# Sedatives for shipping dogs?



## Christopher Jones (Feb 17, 2009)

Locally here the two airlines that ship dogs around oz have gone anal on the shipping of "dangerous" or "aggressive" dogs. 
I took a female Dutchie down to be shipped to a friend and they had a nice metal wire crate for her. I put her in and she was fine. So the airline dude comes up, bends over her in the crate and bangs down the shipping stickers right above her head on top of the crate. Well, she barked at him and the guy shits himself and said "no, no shes dangerous". I spent another 10 minutes arguing with them to load her and finally she got on the plane.
So I was wondering what stuff do you guys use thats safe for dogs and will chill them out for shipping? I have had people mention antihistamines and valium, but Im looking for some over the counter phamacy stuff? 
Thx


----------



## mike suttle (Feb 19, 2008)

Christopher Jones said:


> Locally here the two airlines that ship dogs around oz have gone anal on the shipping of "dangerous" or "aggressive" dogs.
> I took a female Dutchie down to be shipped to a friend and they had a nice metal wire crate for her. I put her in and she was fine. So the airline dude comes up, bends over her in the crate and bangs down the shipping stickers right above her head on top of the crate. Well, she barked at him and the guy shits himself and said "no, no shes dangerous". I spent another 10 minutes arguing with them to load her and finally she got on the plane.
> So I was wondering what stuff do you guys use thats safe for dogs and will chill them out for shipping? I have had people mention antihistamines and valium, but Im looking for some over the counter phamacy stuff?
> Thx


This is a problem that I deal with every week. I have tried everything under the sun to calm them down.
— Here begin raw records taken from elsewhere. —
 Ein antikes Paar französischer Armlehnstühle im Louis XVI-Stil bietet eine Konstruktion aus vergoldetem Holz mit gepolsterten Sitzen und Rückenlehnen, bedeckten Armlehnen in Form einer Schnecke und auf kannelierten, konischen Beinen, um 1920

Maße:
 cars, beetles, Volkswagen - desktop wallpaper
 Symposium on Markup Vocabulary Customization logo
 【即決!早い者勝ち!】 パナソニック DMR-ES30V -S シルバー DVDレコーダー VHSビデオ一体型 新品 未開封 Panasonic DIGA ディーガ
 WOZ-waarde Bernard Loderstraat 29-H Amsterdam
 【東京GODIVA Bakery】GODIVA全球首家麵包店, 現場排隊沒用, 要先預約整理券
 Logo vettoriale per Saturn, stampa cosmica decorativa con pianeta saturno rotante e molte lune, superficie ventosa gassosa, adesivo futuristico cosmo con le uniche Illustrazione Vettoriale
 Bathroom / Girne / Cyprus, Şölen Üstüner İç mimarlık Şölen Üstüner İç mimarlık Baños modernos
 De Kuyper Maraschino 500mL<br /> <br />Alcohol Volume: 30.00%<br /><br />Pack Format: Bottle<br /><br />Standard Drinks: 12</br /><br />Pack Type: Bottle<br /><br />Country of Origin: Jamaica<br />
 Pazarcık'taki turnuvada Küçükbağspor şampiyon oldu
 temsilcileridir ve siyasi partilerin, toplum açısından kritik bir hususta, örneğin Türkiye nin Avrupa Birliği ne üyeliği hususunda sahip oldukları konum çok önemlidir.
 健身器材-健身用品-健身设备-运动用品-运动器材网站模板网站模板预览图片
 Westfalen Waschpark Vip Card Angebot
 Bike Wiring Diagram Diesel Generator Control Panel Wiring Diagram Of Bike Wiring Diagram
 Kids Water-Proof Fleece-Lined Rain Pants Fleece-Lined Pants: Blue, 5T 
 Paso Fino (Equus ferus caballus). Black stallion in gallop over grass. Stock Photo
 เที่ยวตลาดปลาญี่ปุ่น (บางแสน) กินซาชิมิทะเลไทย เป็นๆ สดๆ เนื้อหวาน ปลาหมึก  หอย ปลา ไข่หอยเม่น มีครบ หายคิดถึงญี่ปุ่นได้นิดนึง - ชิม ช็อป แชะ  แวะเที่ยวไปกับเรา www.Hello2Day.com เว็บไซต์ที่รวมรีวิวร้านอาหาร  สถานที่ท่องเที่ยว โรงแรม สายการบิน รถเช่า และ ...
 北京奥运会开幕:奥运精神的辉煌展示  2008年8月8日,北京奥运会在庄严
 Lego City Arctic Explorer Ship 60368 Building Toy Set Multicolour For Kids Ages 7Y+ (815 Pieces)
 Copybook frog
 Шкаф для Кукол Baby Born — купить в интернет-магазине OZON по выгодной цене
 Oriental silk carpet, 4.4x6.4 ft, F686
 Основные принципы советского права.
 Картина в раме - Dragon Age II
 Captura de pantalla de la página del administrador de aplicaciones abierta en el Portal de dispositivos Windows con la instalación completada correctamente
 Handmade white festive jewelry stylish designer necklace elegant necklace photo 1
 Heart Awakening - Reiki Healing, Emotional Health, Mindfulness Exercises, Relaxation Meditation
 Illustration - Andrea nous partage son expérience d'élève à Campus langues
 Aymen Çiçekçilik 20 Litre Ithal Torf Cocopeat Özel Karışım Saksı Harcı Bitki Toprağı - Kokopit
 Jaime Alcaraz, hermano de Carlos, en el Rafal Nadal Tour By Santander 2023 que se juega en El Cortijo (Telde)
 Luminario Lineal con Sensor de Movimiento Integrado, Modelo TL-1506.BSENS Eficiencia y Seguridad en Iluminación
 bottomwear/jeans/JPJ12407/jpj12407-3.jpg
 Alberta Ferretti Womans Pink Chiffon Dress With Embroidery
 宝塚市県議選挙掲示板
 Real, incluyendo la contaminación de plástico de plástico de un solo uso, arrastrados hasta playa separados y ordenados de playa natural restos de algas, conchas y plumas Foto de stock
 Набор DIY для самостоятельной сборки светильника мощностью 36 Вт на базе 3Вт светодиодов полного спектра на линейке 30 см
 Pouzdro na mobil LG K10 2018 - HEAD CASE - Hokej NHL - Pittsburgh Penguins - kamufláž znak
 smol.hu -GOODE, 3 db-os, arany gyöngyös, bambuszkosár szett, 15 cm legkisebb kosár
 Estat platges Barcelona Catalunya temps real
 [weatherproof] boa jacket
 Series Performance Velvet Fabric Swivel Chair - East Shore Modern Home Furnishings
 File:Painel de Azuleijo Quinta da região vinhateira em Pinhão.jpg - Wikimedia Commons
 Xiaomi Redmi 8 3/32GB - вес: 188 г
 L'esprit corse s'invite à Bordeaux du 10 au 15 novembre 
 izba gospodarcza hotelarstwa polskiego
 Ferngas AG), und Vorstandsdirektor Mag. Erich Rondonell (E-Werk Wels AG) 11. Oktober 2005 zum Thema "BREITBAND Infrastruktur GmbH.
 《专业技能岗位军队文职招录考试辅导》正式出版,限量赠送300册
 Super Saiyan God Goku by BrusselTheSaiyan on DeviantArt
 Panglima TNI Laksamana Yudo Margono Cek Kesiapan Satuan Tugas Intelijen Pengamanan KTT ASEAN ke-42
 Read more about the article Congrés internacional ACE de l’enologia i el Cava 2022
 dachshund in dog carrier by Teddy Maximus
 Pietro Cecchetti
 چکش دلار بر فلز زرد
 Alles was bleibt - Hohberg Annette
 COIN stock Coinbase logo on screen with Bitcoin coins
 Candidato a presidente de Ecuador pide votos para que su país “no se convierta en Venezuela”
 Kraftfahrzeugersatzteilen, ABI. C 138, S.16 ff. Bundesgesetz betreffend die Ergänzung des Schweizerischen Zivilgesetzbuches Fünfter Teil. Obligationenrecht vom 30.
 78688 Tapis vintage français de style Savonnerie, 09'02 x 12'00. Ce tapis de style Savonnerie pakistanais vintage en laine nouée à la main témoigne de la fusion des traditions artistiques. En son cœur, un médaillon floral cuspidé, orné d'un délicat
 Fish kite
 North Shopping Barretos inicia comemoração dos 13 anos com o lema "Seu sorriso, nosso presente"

Sometimes it works, most of the time it doesn't work so well. What worked the best for me was to develop a relationship with the folks at the ticket counter. After a few hundred visits they get to know you. I had to educate them about the fact that not all dogs that bark in their crates are "dangerous". I took a few social dogs who barked like idiots in the crate and let them out to visit with the people at the counter. Once they got that concept down, then I can slip in a few who really are dangerous and they will believe that the dog is just barking like all of the others are doing. I had a few long talks with the manager at the ticket counter to establish a relationship with him. Now they know me and they know that most of my dogs bark. Hell, they even let me ship an 85 lb GSD in a size 400 to Alaska last week. That would have never worked at any other airport for me.


----------



## Lee H Sternberg (Jan 27, 2008)

Both my dogs are extremely crate aggressive. I felt fortunate that Continental Airlines flew them from the US to Costa Rica. They were going NUTS when I checked them in. The flight attendants siad they were insane on the tarmac in Houston when changing planes. 

I can't remember what the vet prescribed to calm them down before the flights but it didn't help at all. I tried experimenting with various doses 2 weeks before I flew them but all bets were off the day of the flight. 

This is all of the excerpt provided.